For this you need a tool that can seek in files, for example perl.

use strict;
use warnings;
use Symbol;
use Fcntl qw( :seek O_RDONLY ) ;
my $seekdiff = 256; #e.g. from "rand_position-256" up to rand_positon+256

my($want, $filename) = @ARGV;

my $fd = gensym ;
sysopen($fd, $filename, O_RDONLY ) || die("Can't open $filename: $!");
binmode $fd;
my $endpos = sysseek( $fd, 0, SEEK_END ) or die("Can't seek: $!");

my $buffer;
my $cnt;
while($want > $cnt++) {
    my $randpos = int(rand($endpos));   #random file position
    my $seekpos = $randpos - $seekdiff; #start read here ($seekdiff chars before)
    $seekpos = 0 if( $seekpos < 0 );

    sysseek($fd, $seekpos, SEEK_SET);   #seek to position
    my $in_count = sysread($fd, $buffer, $seekdiff<<1); #read 2*seekdiff characters

    my $rand_in_buff = ($randpos - $seekpos)-1; #the random positon in the buffer

    my $linestart = rindex($buffer, "\n", $rand_in_buff) + 1; #find the begining of the line in the buffer
    my $lineend = index $buffer, "\n", $linestart;            #find the end of line in the buffer
    my $the_line = substr $buffer, $linestart, $lineend < 0 ? 0 : $lineend-$linestart;

    print "$the_line\n";
}

Save the above into some file such "randlines.pl" and use it as:

perl randlines.pl wanted_count_of_lines file_name

e.g.

perl randlines.pl 10000 ./BIGFILE

The script does very low-level IO operations, i.e. it is VERY FAST. (on my notebook, selecting 30k lines from 10M took half second).

mklement0
  • 382,024
  • 64
  • 607
  • 775
clt60
  • 62,119
  • 17
  • 107
  • 194
  • Great solution that is indeed much faster than any approach that needs to count / split into lines first.

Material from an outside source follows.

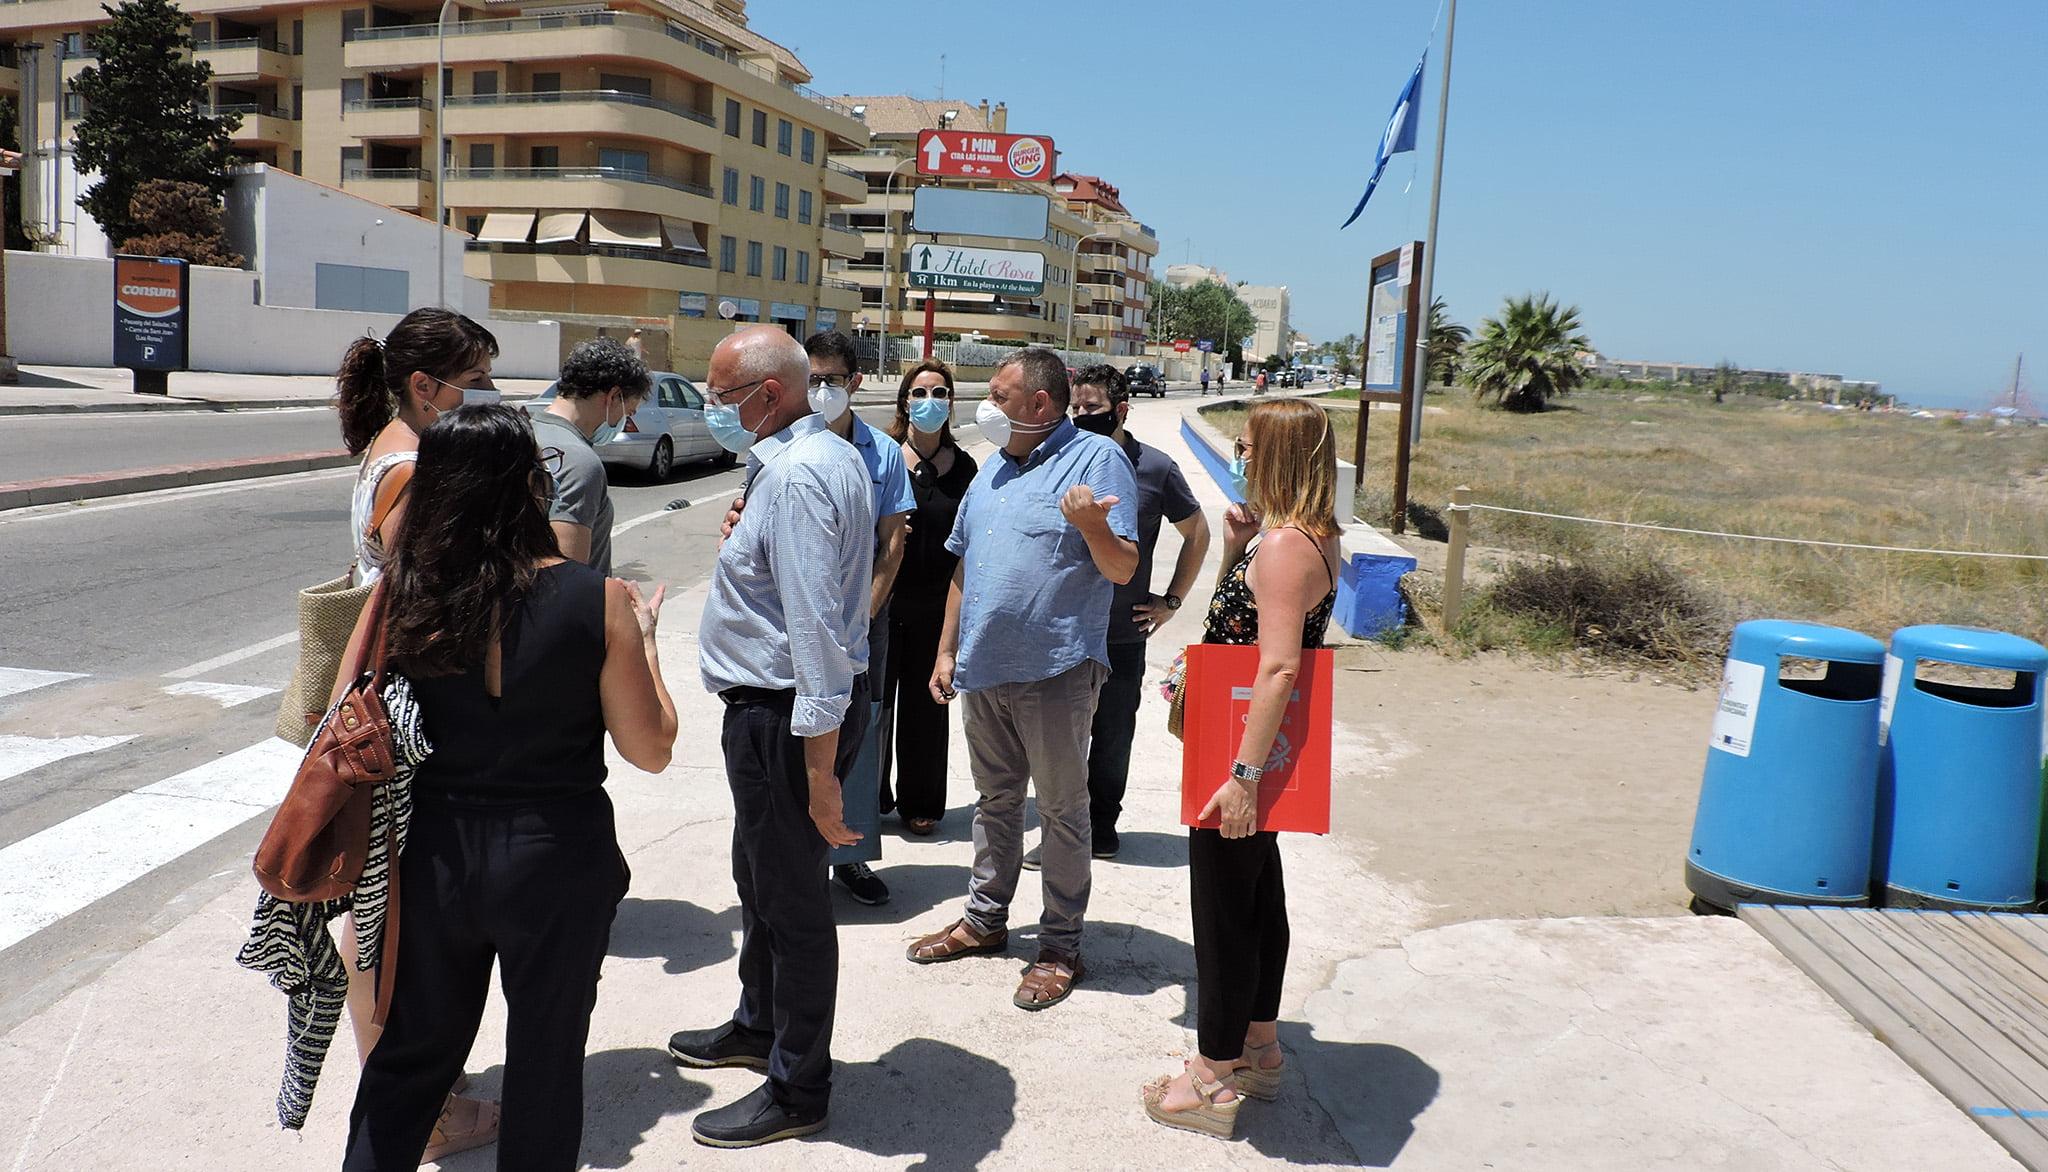 Visit of Francesc Colomer at Punta del Raset beach

Just to note the constraints (which are _not_ a problem for the OP): the max. line length is assumed to be 257 bytes (easy to change), and it's possible for lines to get selected more than once. Can only be used with files in which you can seek, which rules out stdin input and FIFOs, for instance. – mklement0 Mar 23 '15 at 15:29
  • 1
    @mklement0 - yes, here are constraints - price for the speed. btw, 2*256 using `$seekdiff<<1` - e.g `256<<1` = 512 :) – clt60 Mar 23 '15 at 23:42
  • Re `256<<1 = 512`: Your _buffer_ is 512 bytes long, but you don't know where that falls relative to the beginning of a line. So, in the worst-case scenario, the 1st (and possibly only) `\n` in your buffer is at byte position 256, which means that the longest line you can fully return is 256 bytes long (I mistakenly said 257, originally). A final thought on the OP's requirements: since he wanted pre- and post-filters, you'd have to send the results of the pre-filter to a temp. file and pass its name to your Perl script. – mklement0 Mar 24 '15 at 13:08
  • 1
    @jm666 thanks gave me an inspiration to learn Perl ️ ️ For my case my line was big so I increased `seekdiff` – ARIF MAHMUD RANA Jan 19 '21 at 08:32
4

Here's a wee bash function for you. It grabs, as you say, a "batch" of lines, with a random start point within a file.

randline() {
  local lines c r _

  # cache the number of lines in this file in a symlink in the temp dir
  lines="/tmp/${1//\//-}.lines"
  if [ -h "$lines" ] && [ "$lines" -nt "${1}" ]; then
    c=$(ls -l "$lines" | sed 's/.* //')
  else
    read c _ < <(wc -l $1)
    ln -sfn "$c" "$lines"
  fi

  # Pick a random number...
  r=$[ $c * ($RANDOM * 32768 + $RANDOM) / (32768 * 32768) ]
  echo "start=$r" >&2

  # And start displaying $2 lines before that number.
  head -n $r "$1" | tail -n ${2:-1}
}

Edit the echo lines as required.

This solution has the advantage of fewer pipes, less resource-intensive pipes (i.e. no | sort ... |), less platform dependence (i.e. no sort -R which is GNU-sort-specific).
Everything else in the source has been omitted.